We haven’t explicitly specified the authentication scheme as cookie authentication. If we have a default authentication scheme specified when calling AddAuthentication, the framework will use that.

How ASP.NET Core Fetches Authorization Policies

When we authorize against a policy by its name (such as when decorating an endpoint with AuthorizeAttribute), it might seem that the framework simply looks it up by its name from a list of configured policies.

In reality, though, it’s a little more involved than that. The framework relies on classes that implement IAuthorizationPolicyProvider to fetch policies by their name.

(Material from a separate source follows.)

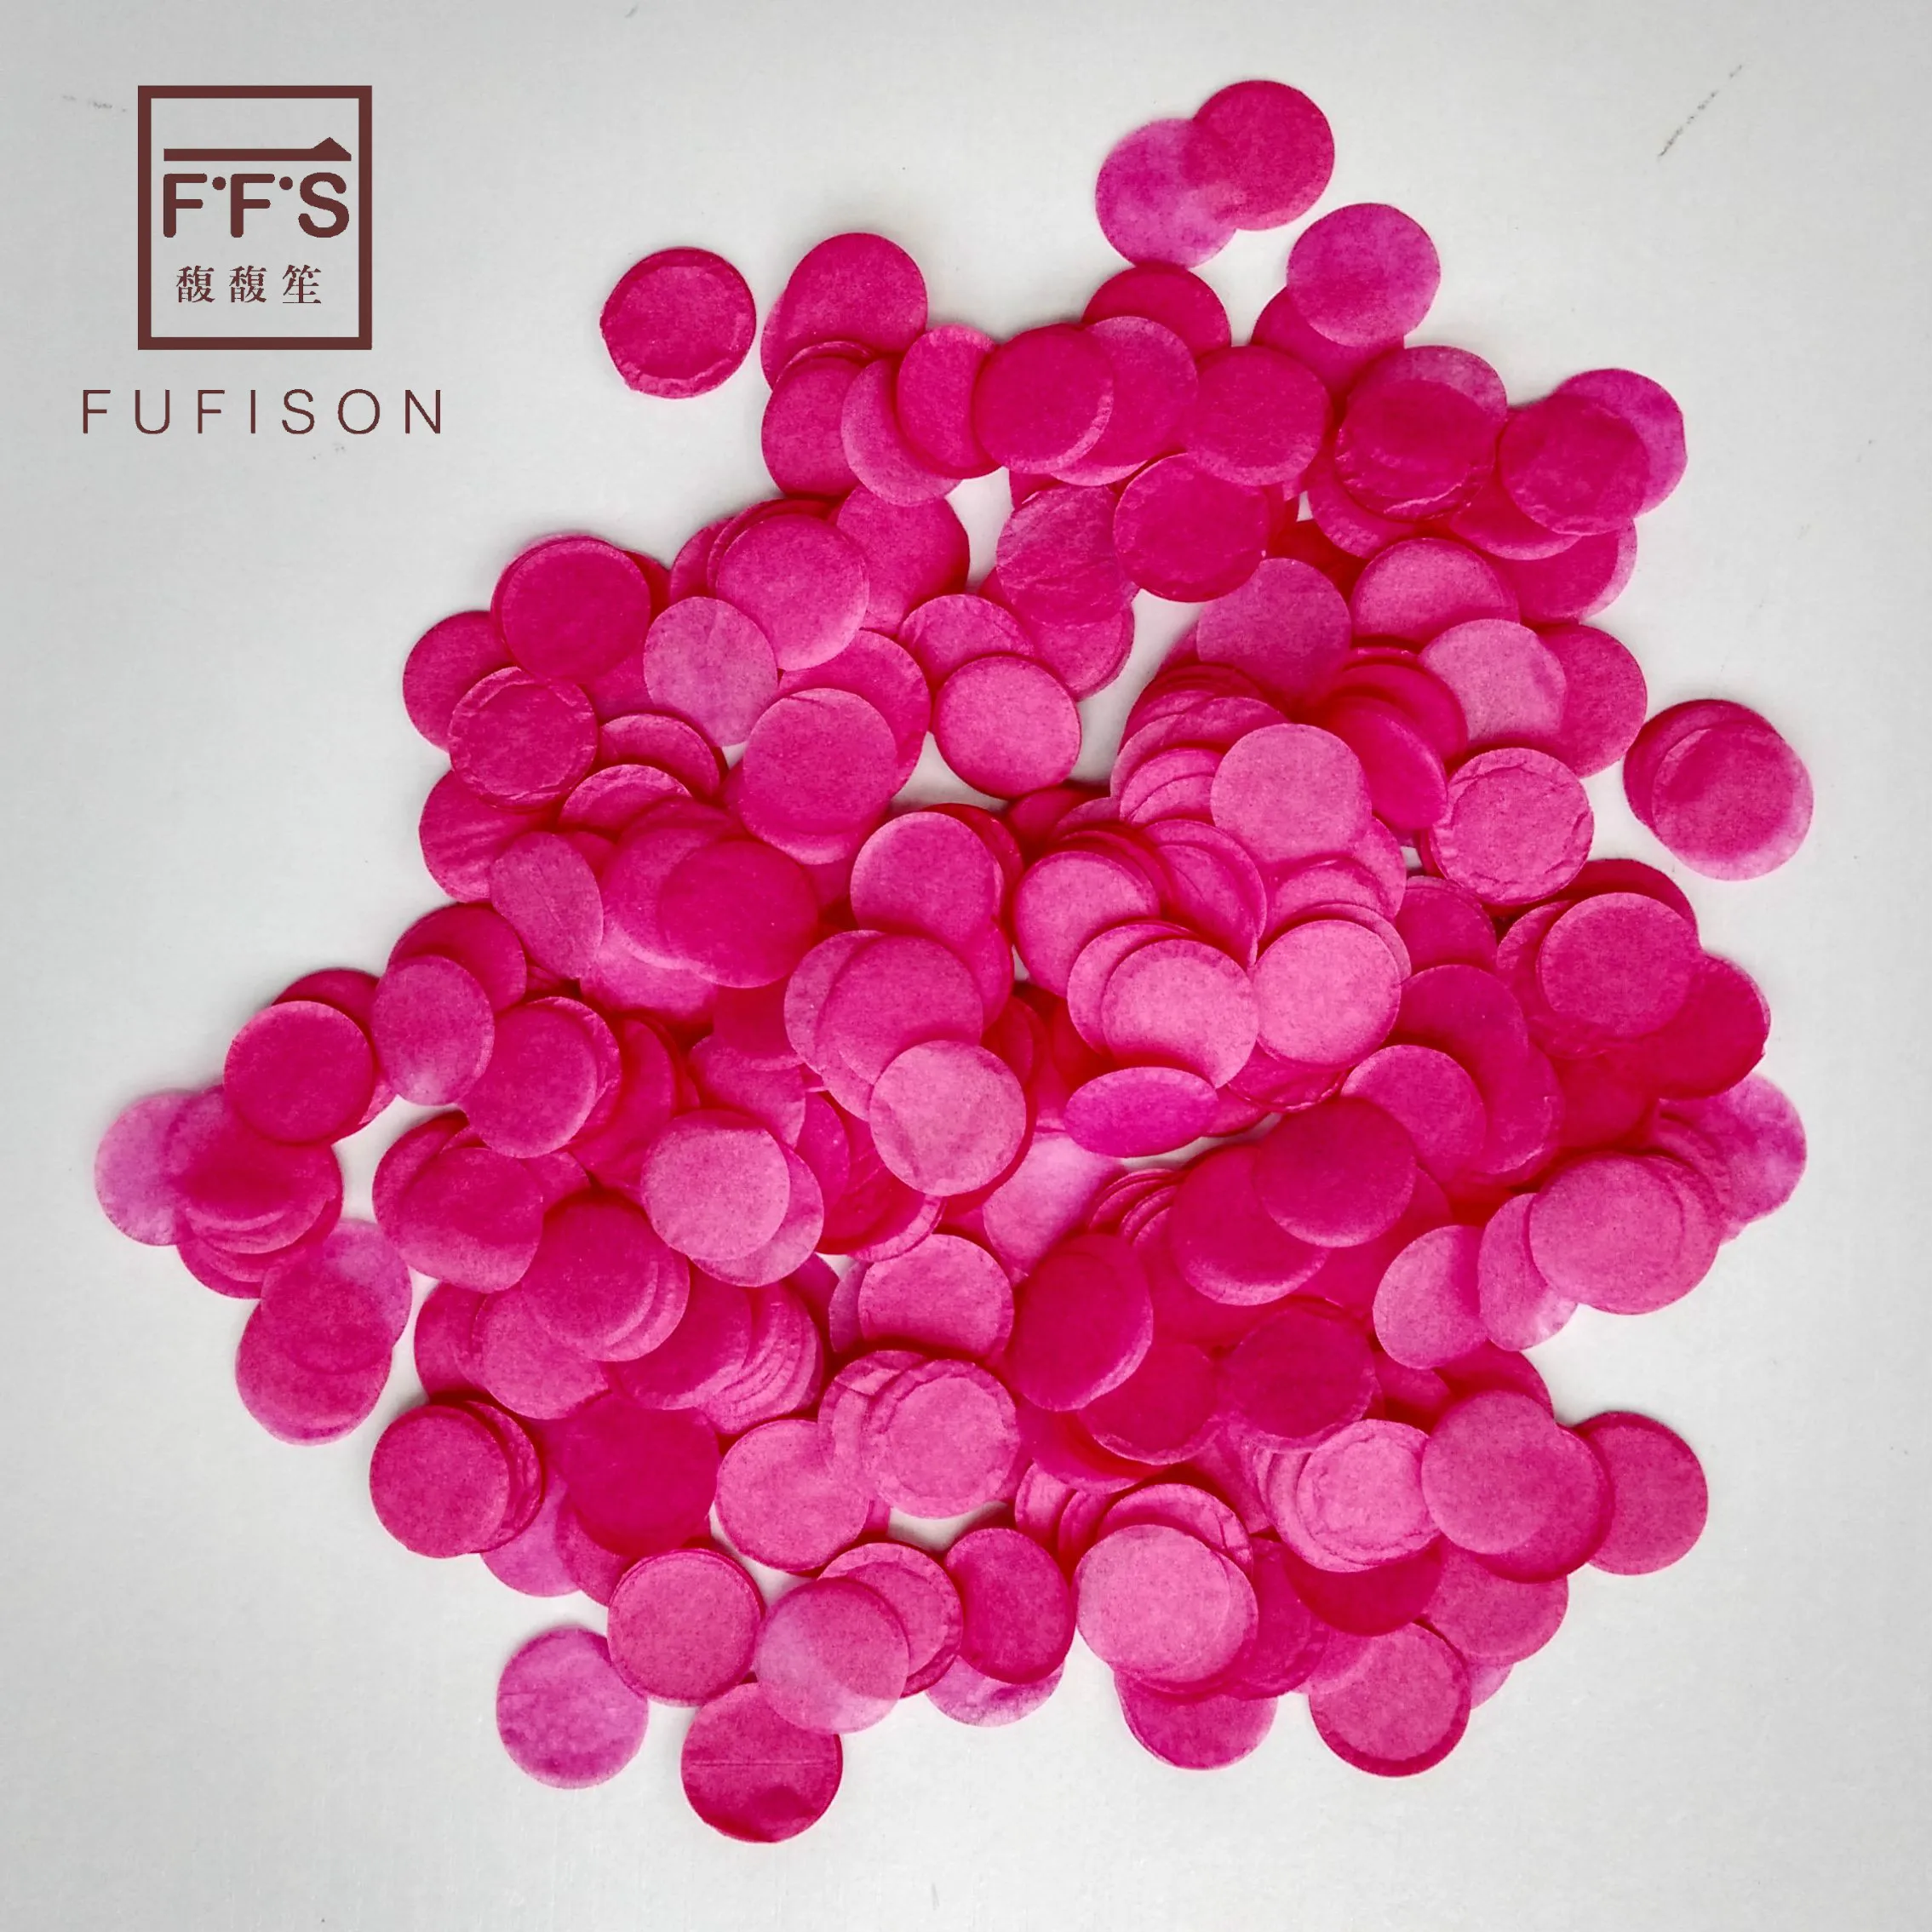 FFS 5 г(около 1000 шт) в пакете 1,6 см Круглые Конфетти из папиросной бумаги украшения свадебного стола - Цвет: Rose

The most important method in this interface is GetPolicyAsync(). This method takes in the name of the policy as a parameter, and it asynchronously returns the AuthorizationPolicy associated with that name. If it isn’t able to find any such policy, it returns null.

ASP.NET Core ships with a default IAuthorizationPolicyProvider, aptly named DefaultAuthorizationPolicyProvider, that looks up and resolves policies that were registered in AuthorizationOptions (when configuring authorization).

How To Write A Custom Authorization Policy Provider

One reason to write our custom authorization policy provider in ASP.NET Core using IAuthorizationPolicyProvider could be that we want to fetch policies dynamically. 

Let’s say we’re an airline that operates a loyalty program. Certain actions, such as priority check-in, might require a baseline membership tier and a minimum number of loyalty points. Our company regularly updates these requirements, so we want to fetch these from a database.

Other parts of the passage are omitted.